Los mercados internacionales
enloquecieron con la noticia de la primera inyección contra el covid-19,
aplicada en el británico brazo de una señora de 91 años. La euforia bursátil
venía acicateando desde el mes pasado el apuro de los laboratorios por largar
sus vacunas al mercado y el de los gobiernos por aprobar su uso. Cuando se les
pregunta a los médicos, los epidemiólogos y los asesores científicos sobre los
riesgos de tanta prisa, responden muy circunspectamente aquello de que las
situaciones excepcionales requieren medidas ídem.

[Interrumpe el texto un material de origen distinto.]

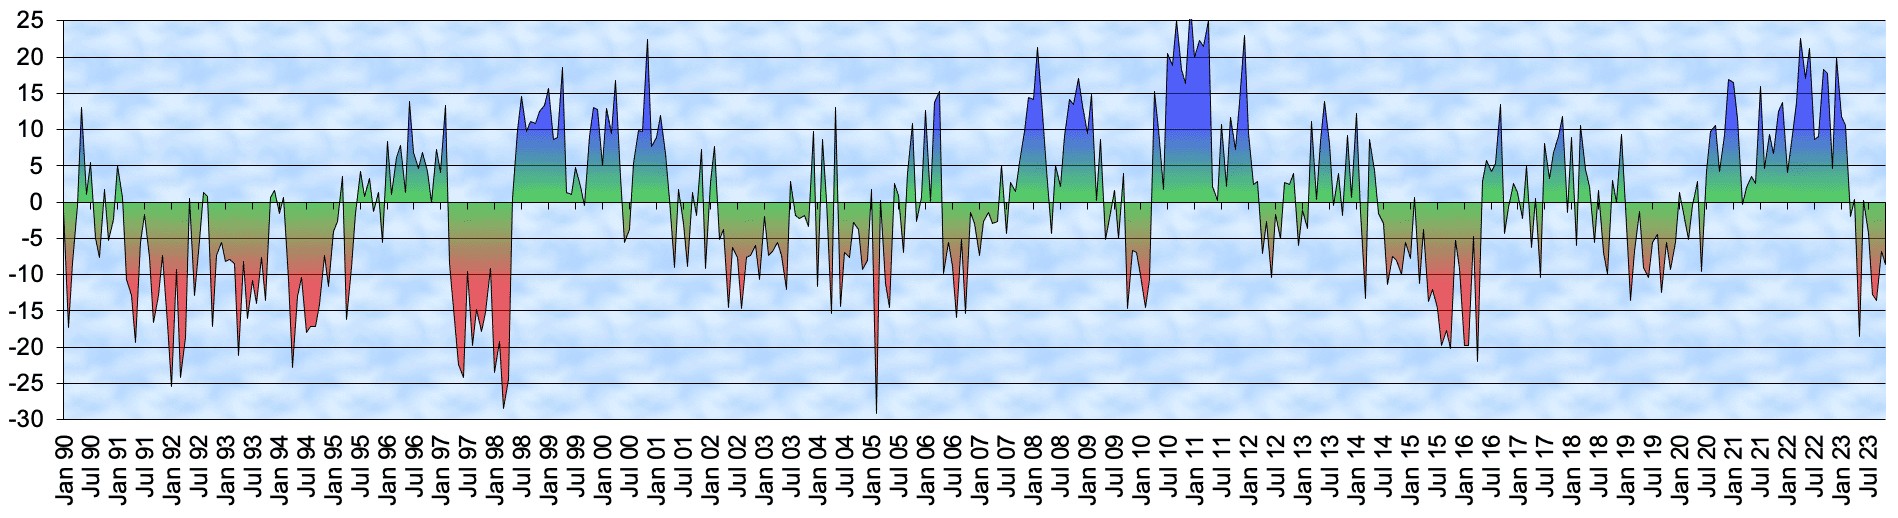 Southern Oscillation Index (SOI) von Januar 1990 bis Dezember 2022
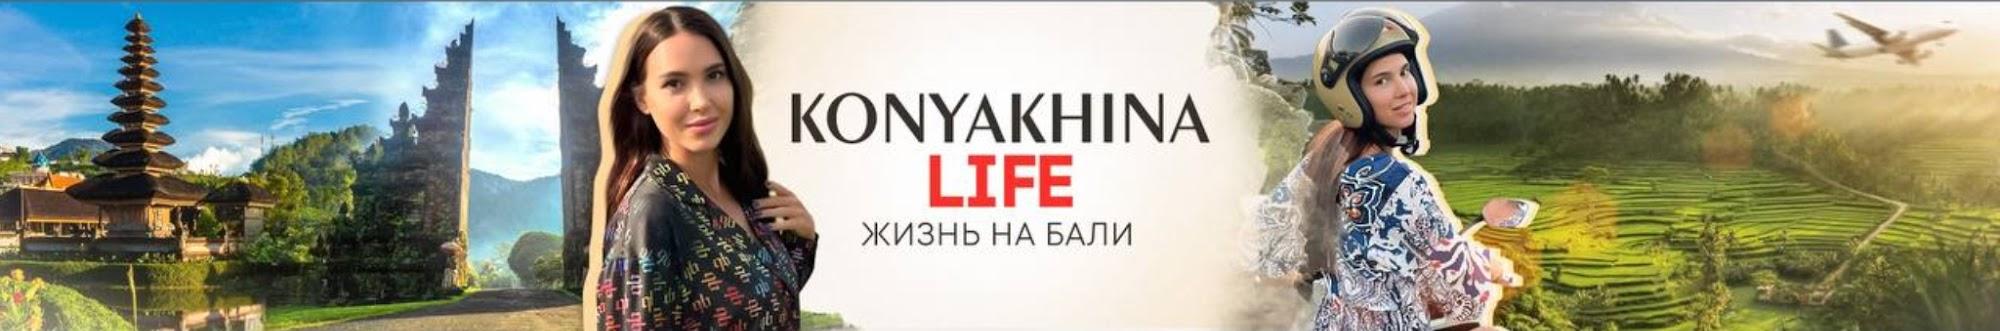 Konyakhina LIFE

Una adaptación moderna, se ha
dicho, de un aforismo de Hipócrates, que ante dolencias extremas recomendaba el
uso de curas extremas.
Y extremas son las dolencias que
aquejan hoy a la humanidad. La pandemia de covid-19 ya se ha cobrado más de
1.700.000 vidas (la gripe estacional, que tanto se prestó para la comparación
de muchos, mata a 650.000 personas por año, según las estimaciones más
audaces). Algunos sobrevivientes de cuadros graves verán su calidad de vida
sensiblemente afectada. Ni hablemos de la economía: es probable que la peor
crisis mundial desde la Gran Depresión no sea superada por completo antes de
2025, ha dicho el Banco Mundial. Las consecuencias sociales tardarán mucho más
en subsanarse, si es que lo hacen. La Organización de las Naciones Unidas
estima que el hambre extrema se duplicó y alcanzará a 265 millones de personas
cuando termine 2020. La desigualdad se ha disparado, según todos los
indicadores.
Ante semejante infierno, no sólo los
mercaderes han enloquecido con el anuncio de los milagros que obrarían las
divinas vacunas. El tema tiene en vilo a los poderes terrenales. Y a los otros.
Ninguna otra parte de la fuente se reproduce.